▶ [SUPPLIED INFORMATION]
--------------------
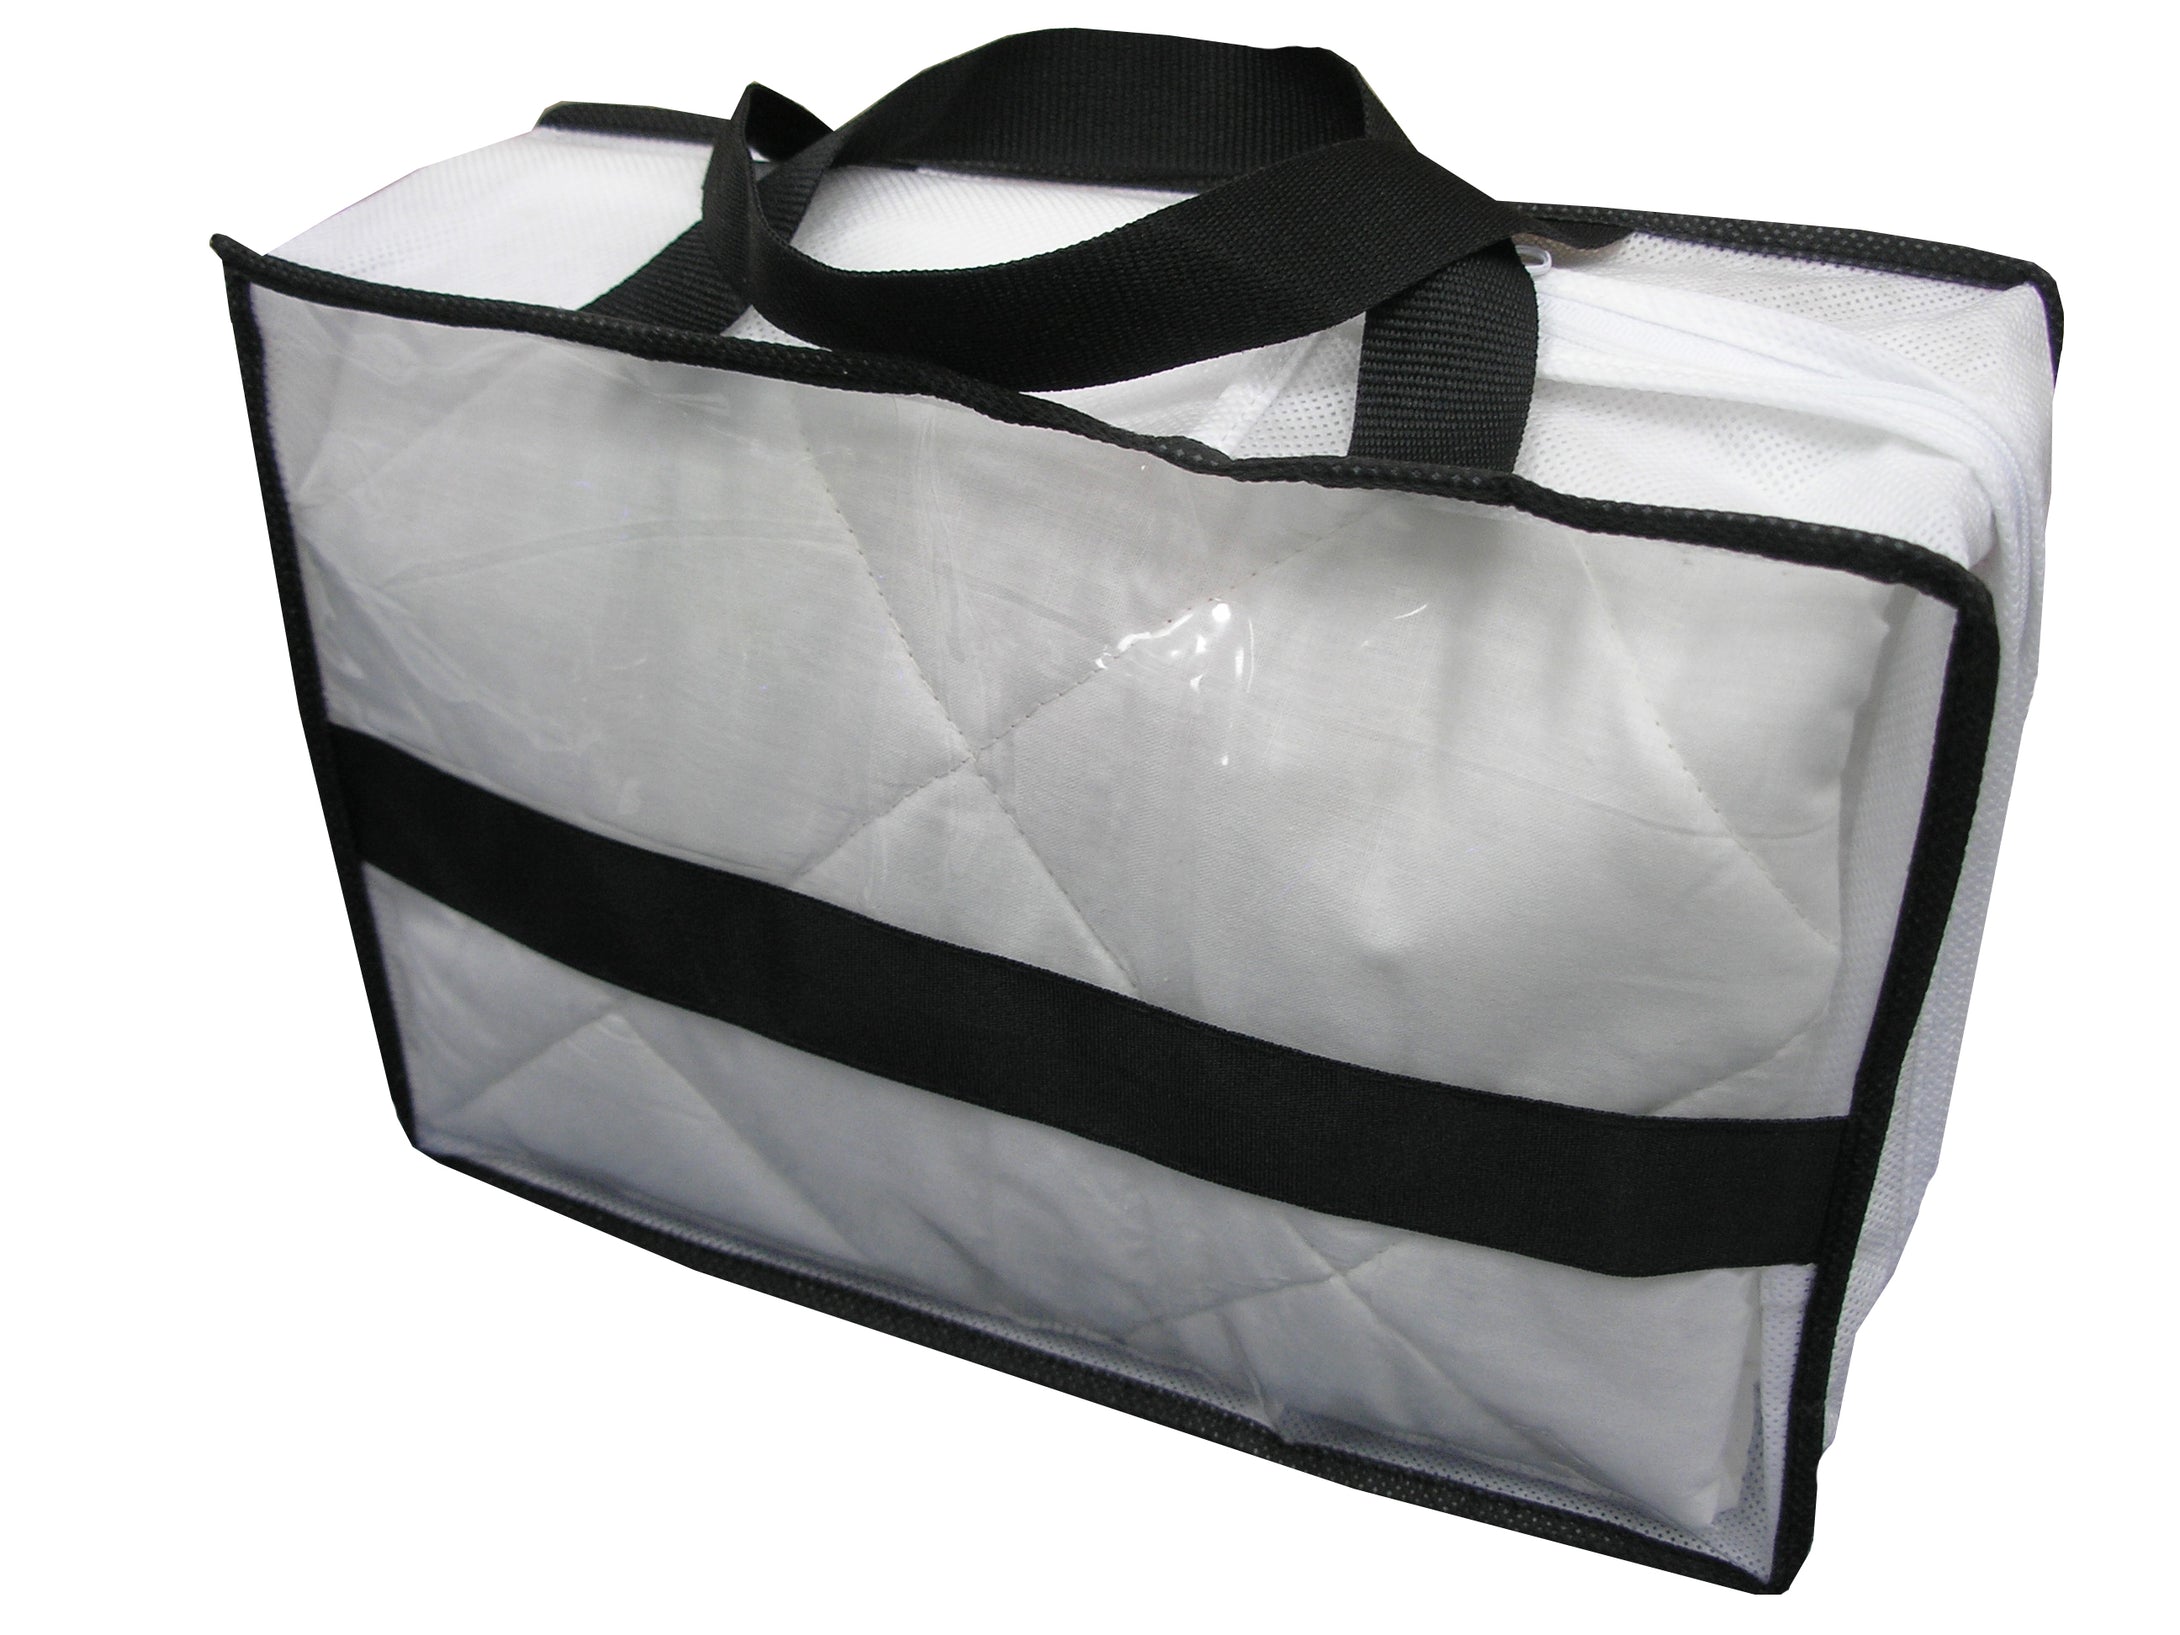 JLSB-0031 Sewn Bag
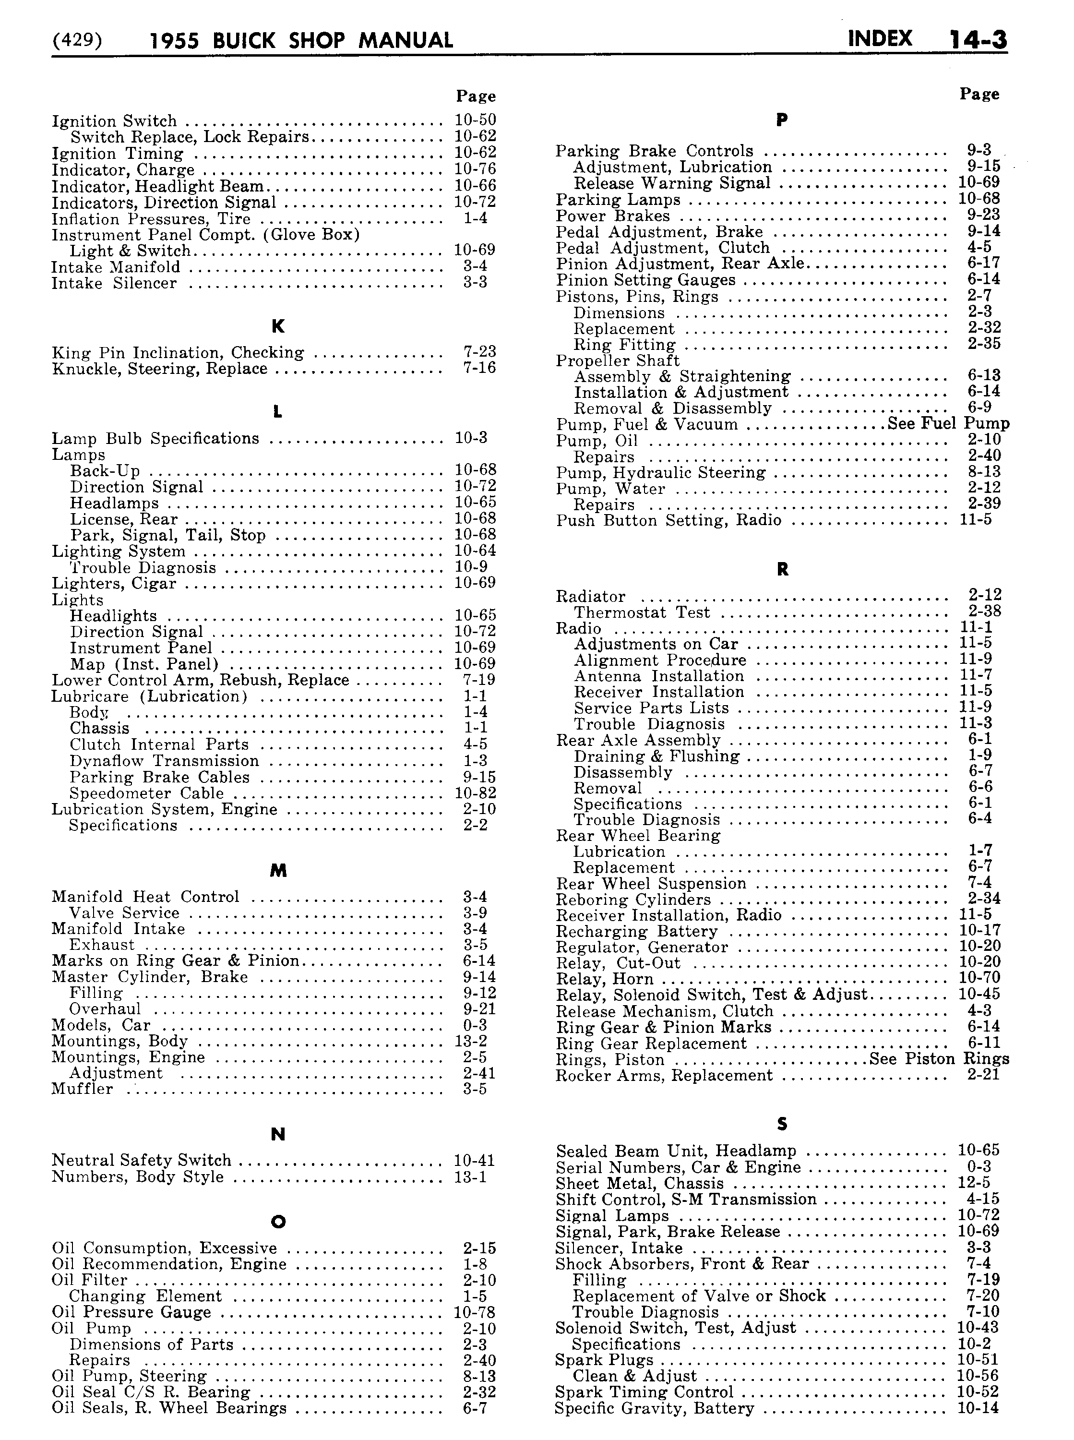 n_15 1955 Buick Shop Manual - Index-003-003.jpg
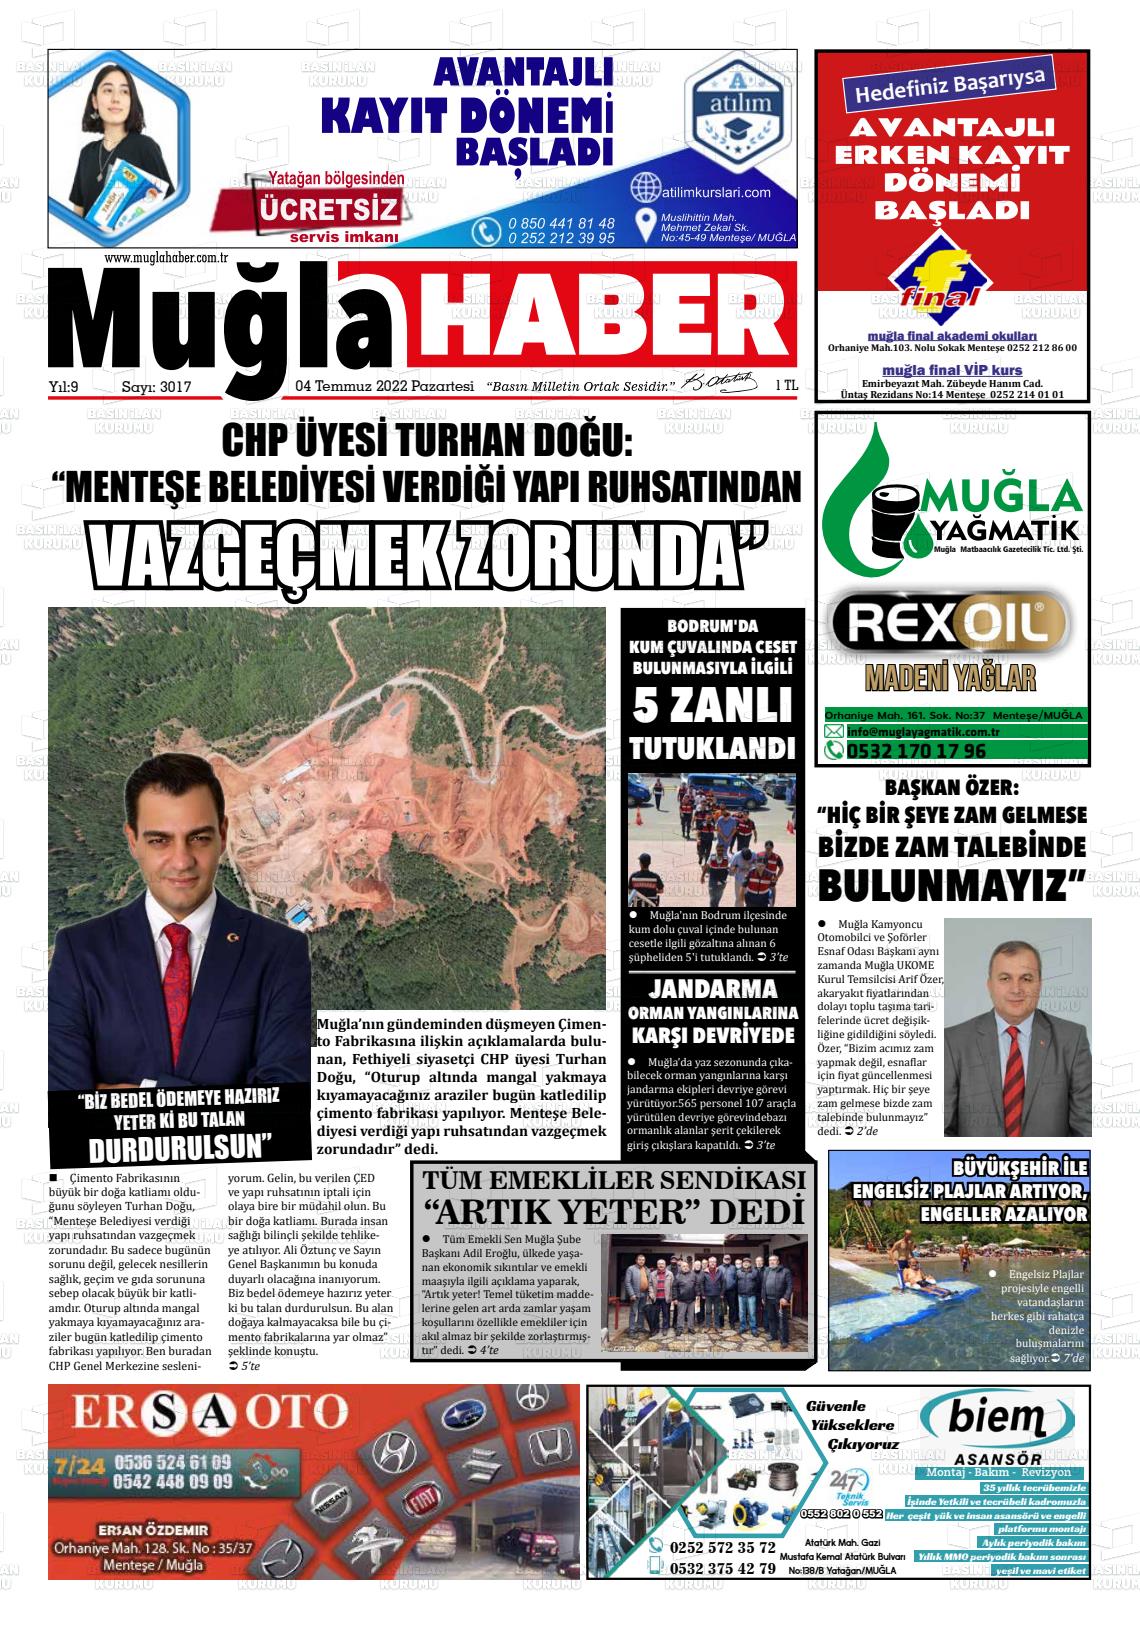 04 Temmuz 2022 Muğla Haber Gazete Manşeti
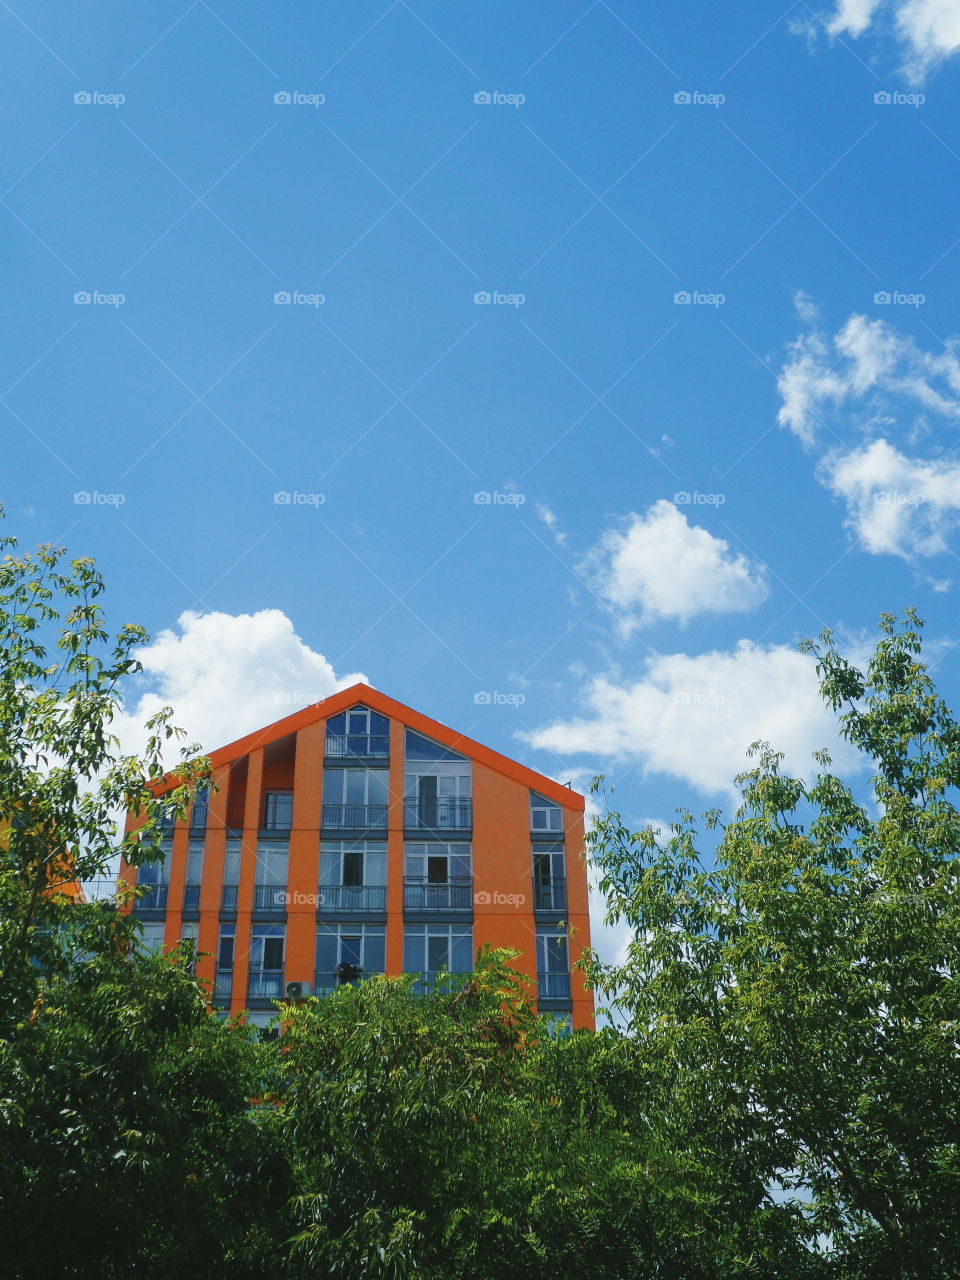 Orange facade of the building
--------------------
▶ [TASK PROMPT] Extract the run of lines from the line holding "n_15 1955 Buick" through the final line of the material above, exactly and inclusively. Leave the pictures behind.

▶ [SOLUTION TO THIS EXERCISE]
 n_15 1955 Buick Shop Manual - Index-003-003.jpg
 04 Temmuz 2022 Muğla Haber Gazete Manşeti
 Orange facade of the building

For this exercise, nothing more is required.